Put another way, this function merges columns from each row set, resulting in a comprehensive combination of data from the input collections.

{
    "resourceType": "ViewDefinition",
    "resource": "Patient",
    "select": [
        {
            "column": [{ "path": "getResourceKey()", "name": "id" }]
        },
        {
            "forEach": "name",
            "column": [
                { "path": "given.join(' ')", "name": "first_name" },
                { "path": "family", "name": "last_name" }
            ]
        }
    ]
}

The naive JavaScript implementation:

function select(rows1, rows2) {
    return rows1.flatMap((r1) => {
        return rows2.map((r2) => {
            // merge r1 and r2
            return { ...r1, ...r2 };
        });
    });
}

select([{ a: 1 }, { a: 2 }], [{ b: 1 }, { b: 2 }])[
    //=>
    ({ a: 1, b: 1 }, { a: 1, b: 2 }, { a: 2, b: 1 }, { a: 2, b: 2 })
];

The unionAll Function

unionAll combines rows from different branches of a resource tree by concatenating multiple record sets.

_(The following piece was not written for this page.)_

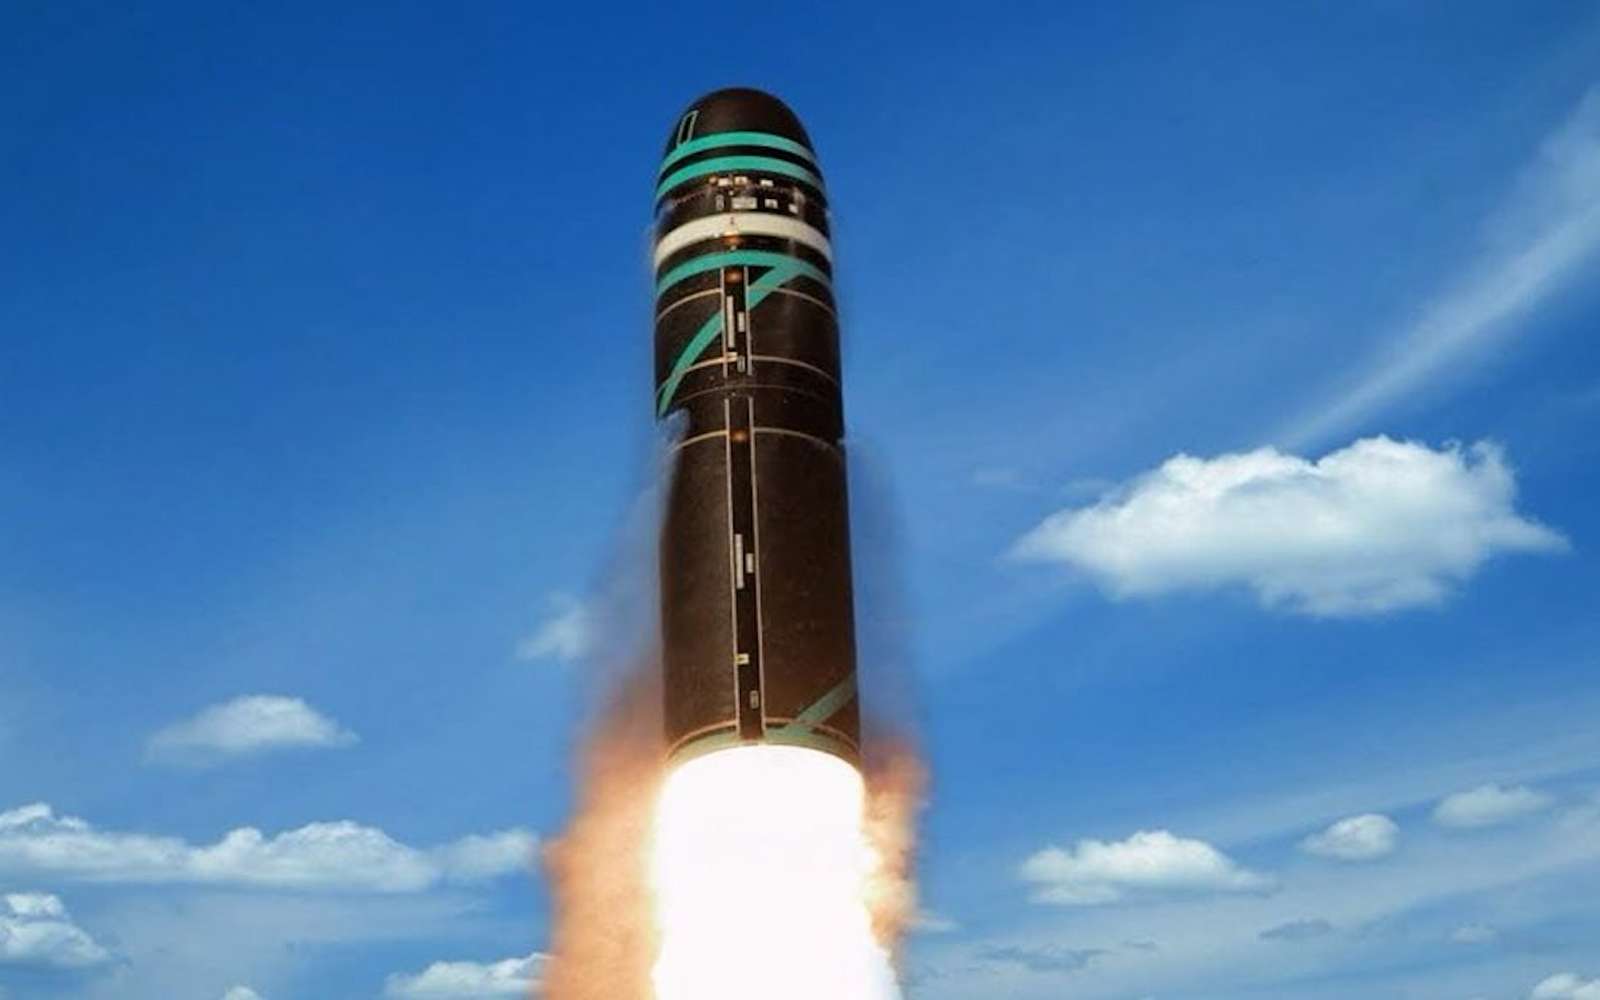 Tir de missile dans le sud-ouest : la France renforce sa dissuasion nucléaire

Essentially a concatenation of several collections of records into a single, unified collection while preserving all rows from the input sets.

{
    "resourceType": "ViewDefinition",
    "resource": "Patient",
    "select": [
        {
            "column": [{ "path": "getResourceKey()", "name": "id" }]
        },
        {
            "unionAll": [
                {
                    "forEach": "telecom.where(system='phone')",
                    "column": [{ "path": "value", "name": "phone" }]
                },
                {
                    "forEach": "contact.telecom.where(system='phone')",
                    "column": [{ "path": "value", "name": "phone" }]
                }
            ]
        }
    ]
}

In JavaScript this is just a simple concatenation:

function unionAll(rowSets) {
    return rowSet.flatMap((rows) => {
        return rows;
    });
}

unionAll([1, 2, 3], [3, 4, 5])[
    //=>
    (1, 2, 3, 3, 4, 5)
];

Function Precedence

To interpret such nodes, you have to re-order keywords (functions) according to precedence (higher bubble up):

In a ViewDefinition, different keywords/functions can appear at the same level. To interpret such node in a ViewDefinition, an implementation must reorder the keywords/functions according to the following precedence rule.

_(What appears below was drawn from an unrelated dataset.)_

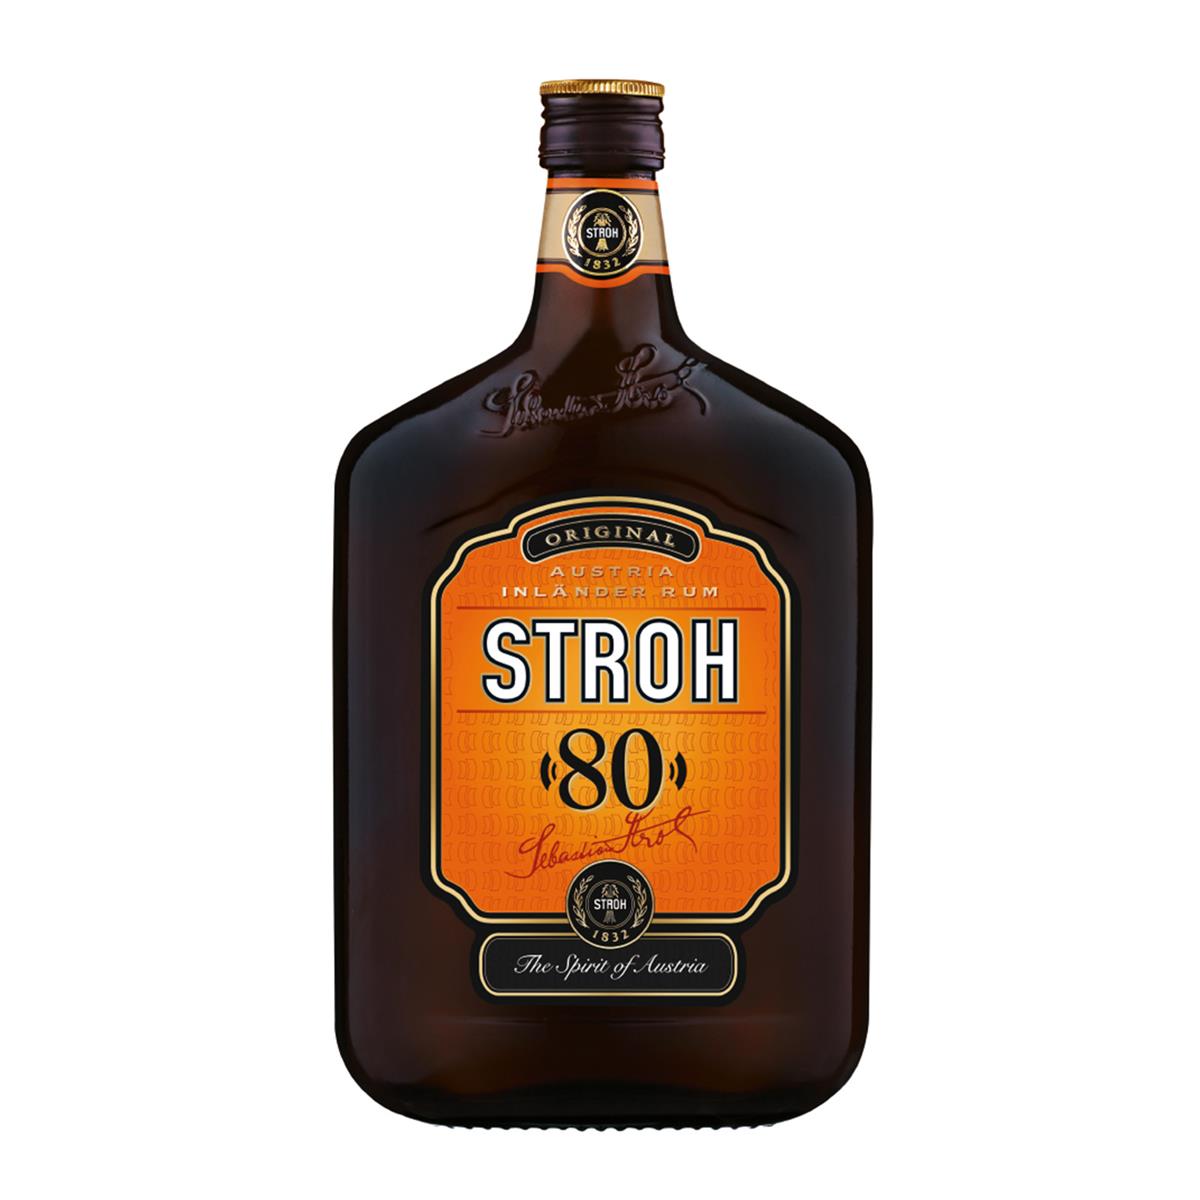 Handvest Vergissing bedenken Stroh Rum online bestellen | BILLA

Keyword/function reordering rule (highest to lowest precedence):

  • forEach or forEachOrNull
  • select
  • unionAll
  • column

For example given the following ViewDefinition snippet with all keywords/functions at the top level, the keywords/functions should be reordered as shown in the output.

{
    "forEach":   FOREACH,
    "column":    [COLUMNS], // reorder to be nested under select
    "unionALL":  [UNIONS],  // reorder to be nested under select
    "select":    [SELECTS]
}
//=>
{
    "forEach": FOREACH
    "select": [
       {"column":   [COLUMNS]},
       {"unionAll": [UNIONS]},
       SELECTS...
    ]
}

Reference Implementation

The JavaScript reference implementation implements the functional model described here. It is very concise at roughly 400 lines of code and reading it is a good way to understand the model in detail.